4. Ce mot nous sur-responsabilise
Parfois, certains messages faisant la promotion de la résilience dans le domaine vétérinaire donnent l’impression que la responsabilité de surmonter les difficultés personnelles et professionnelles repose entièrement sur nos épaules ( notre sur-responsabilisation ). N’oublions pas qu’en plus de notre petite personne, les facteurs systémiques ( ex. : la culture, les lois, les politiques du système de la santé ) et les facteurs sociaux ( ex. : notre éducation, nos relations sociales ) entrent également en jeux dans la détermination de notre niveau de résilience.
5. Ce mot mal défini
Un résultat à atteindre. La littérature scientifique la définit d’abord comme un résultat à atteindre. Les personnes qui comprennent ainsi la résilience vont parler de réussite ou d’échec : « Pendant la pandémie, j’ai été capable de m’adapter » ( réussite ) ou « je n’ai pas été capable de m’adapter parce que j’ai disjoncté » ( échec ). Avoir l’impression de vivre un échec peut être décourageant.

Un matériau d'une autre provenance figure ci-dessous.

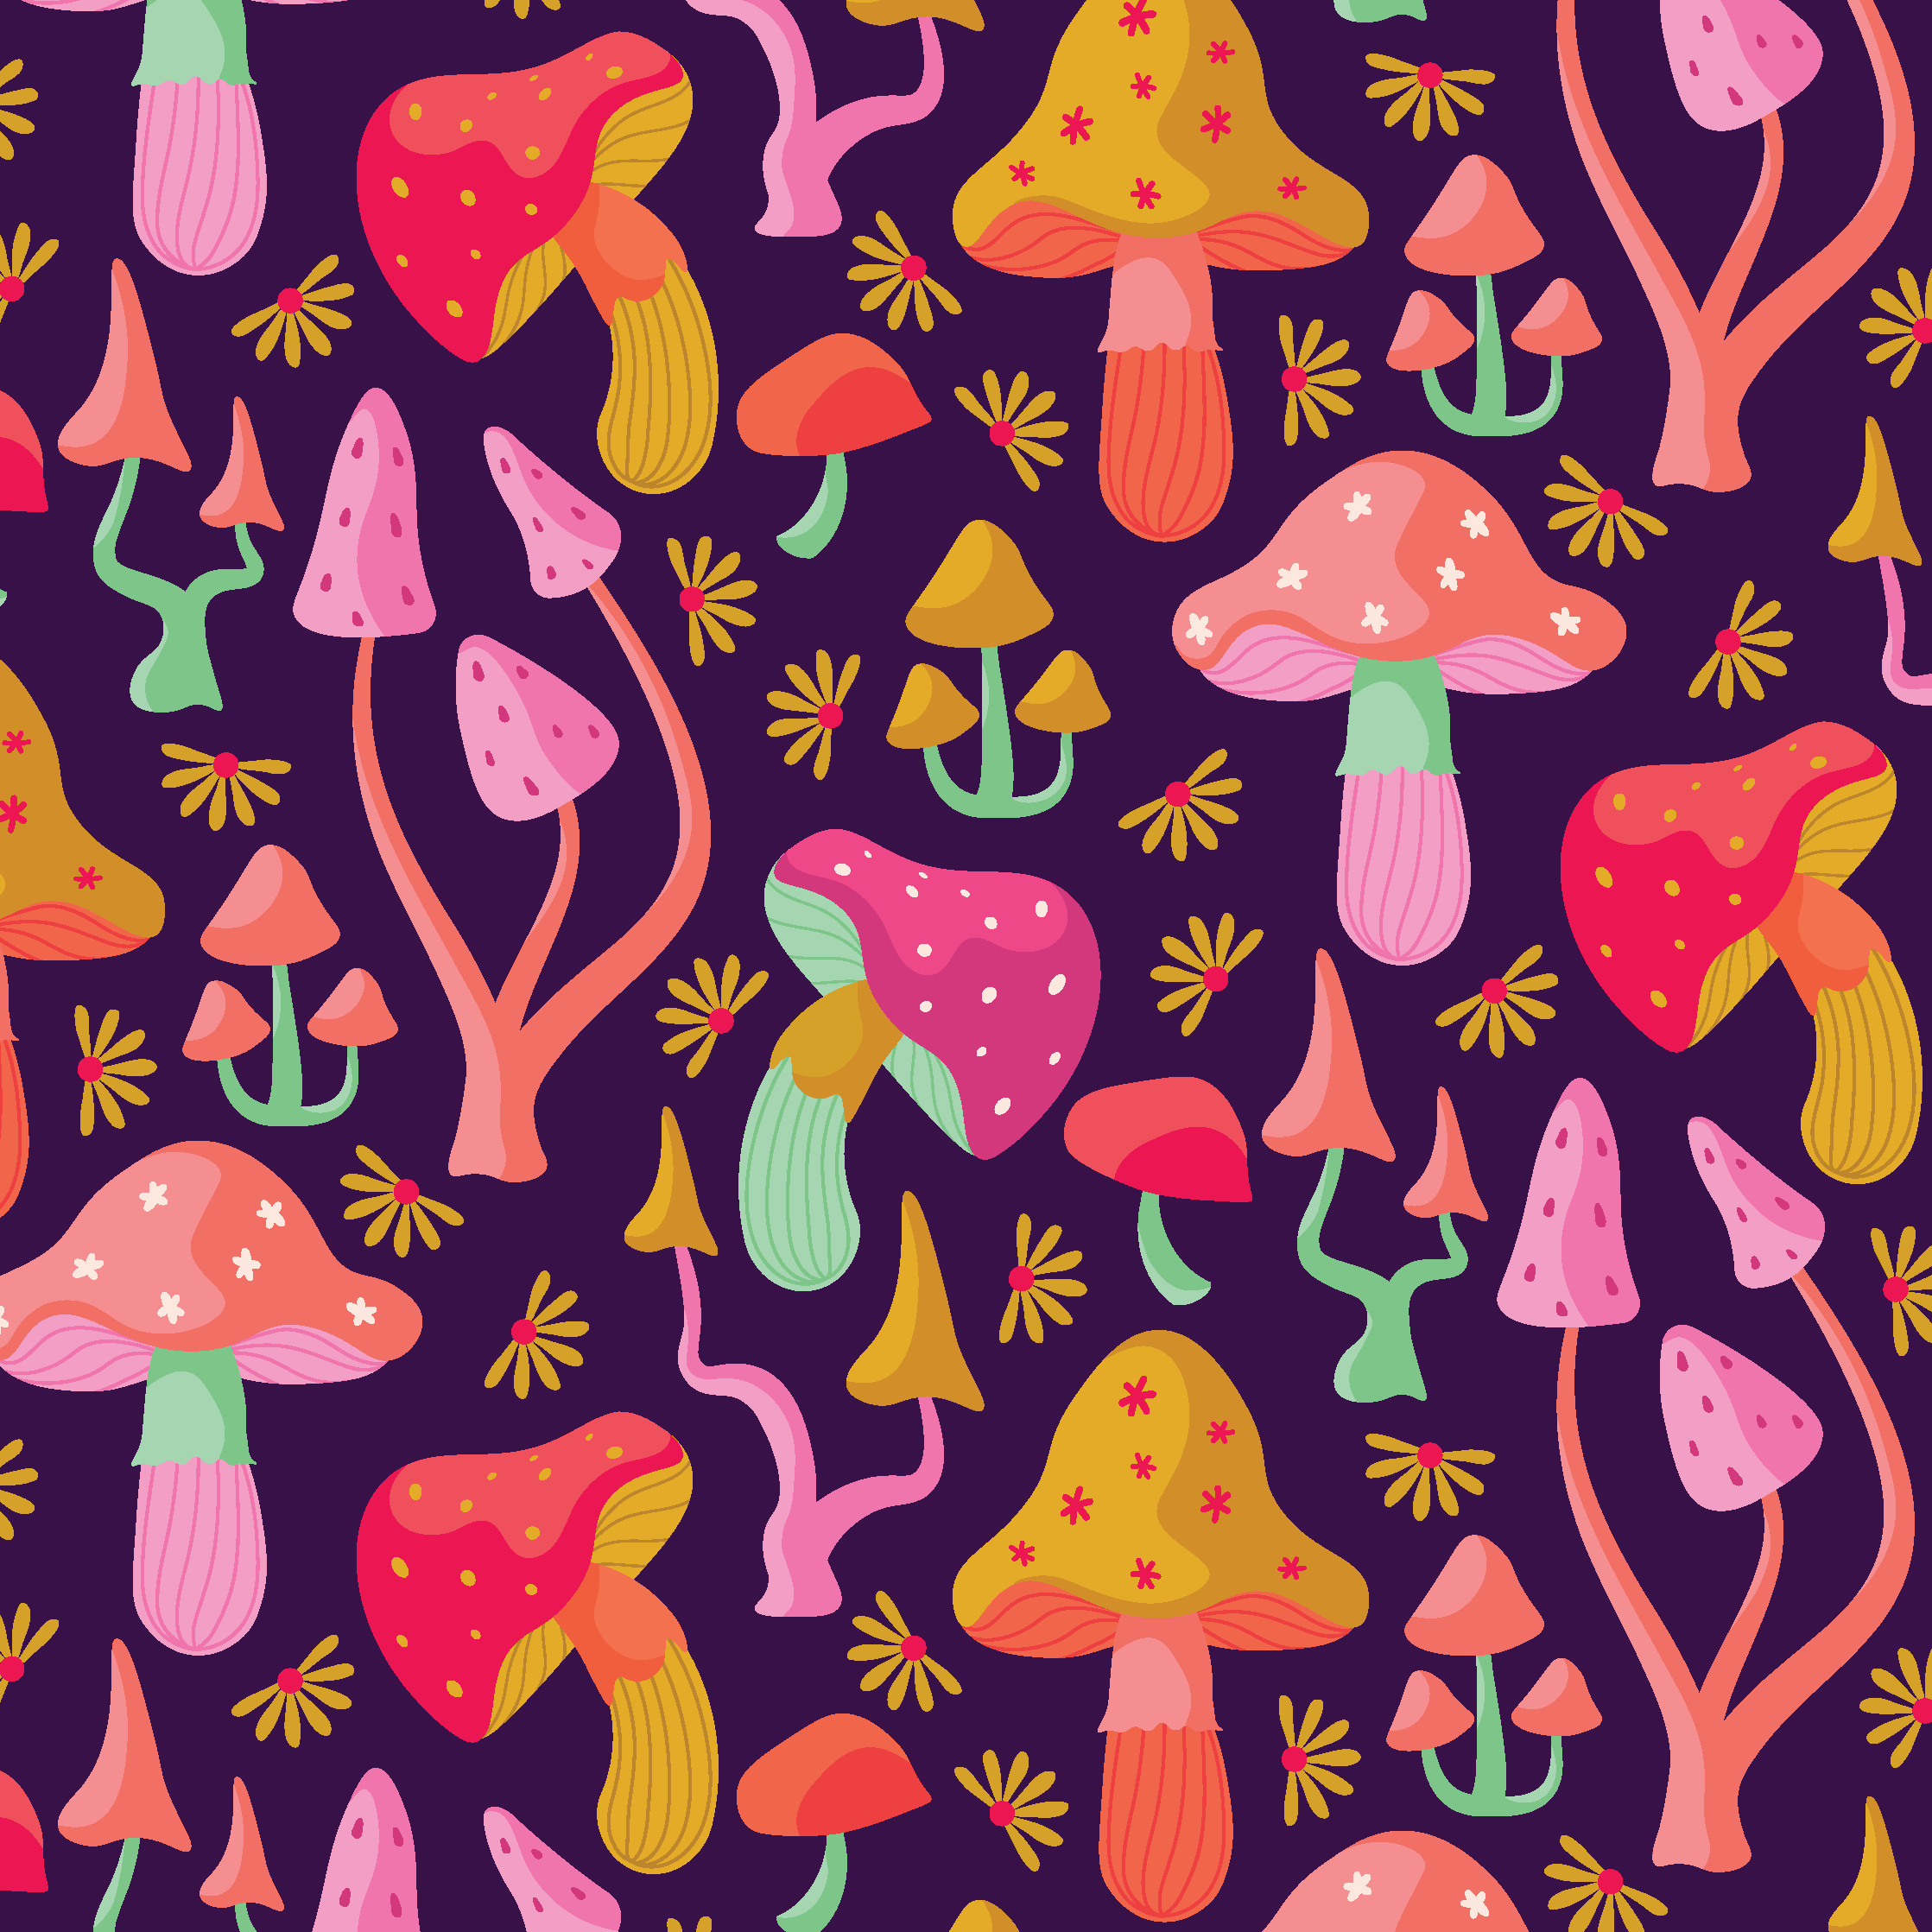 Purple and Colorful Dancing Mushroom Pattern by Elivera Designs

Une caractéristique personnelle. La résilience peut être également définie comme étant une caractéristique personnelle. Certains d’entre nous possèderaient les traits personnels qui permettent leur résilience, alors que d’autres ne les possèderaient pas. Cependant, ceci sous-entend que notre capacité de résilience est fixe, sans aucune possibilité d’y travailler. Ouin, pas très encourageant. Les personnes qui comprennent ainsi la résilience catégorisent les individus ainsi : les « forts » et les « faibles ». Se sentir stigmatisé comme étant un être « faible » ne fait vraiment rien pour notre moral non plus.
Un processus. Finalement, la littérature scientifique définit la résilience comme étant un processus. C’est la définition que je préfère et je la retiens parce qu’elle a du sens pour moi. Peut-être aura-t-elle du sens pour vous ? Premièrement, la résilience se situerait sur un spectre, ce qui déloge l’idée que certains sont capables de résilience, alors que d’autres non. Exit la charge émotionnelle supplémentaire et le sentiment d’échec. Deuxièmement, notre résilience ne reposerait pas sur nos manques, mais sur l’interaction entre nos avoirs ( notre personnalité, nos besoins, nos valeurs, notre âge, notre famille, notre milieu professionnel et scolaire, etc. ). La résilience est une responsabilité partagée. Exit la sur-responsabilisation.
Oui et maintenant ?
Maintenant ? Nous en sommes à la conclusion de cet article. La résilience est devenue un cliché irritant, en partie parce qu’elle nous semblait peut-être imposée et en partie parce que nous l’avions mal défini. Les manifestations de résilience sont propres à chacun ; inutile de comparer, mesurer ou peser. Impossible, également, de se faire imposer la résilience. Finalement, la résilience ne se construit pas à partir de nos manques, mais à partir de nos avoirs : nos forces, nos qualités, nos connaissances, etc. Et nous possédons des tonnes d’atouts positifs dans notre jeu. D’ailleurs, sans même vous avoir rencontré, je peux déjà en détecter chez vous.
Si le mot résilience vous irrite et que vous vous en étiez rendu compte avant de lire cet article, je fais les louanges de votre capacité d’introspection. Si vous venez tout juste de vous rendre compte que ce mot vous irrite, je vous félicite de votre perspicacité. Si vous n’avez toujours aucune idée du sujet de cet article, mais que vous l’avez lu jusqu’au bout, je vous dis bravo pour votre persévérance. Finalement, si vous vous êtes rendu compte que ce texte mentionne le mot résilience 31 fois (et non 25 tel que mentionné plus haut), alors je vous fais un high-five pour votre minutie.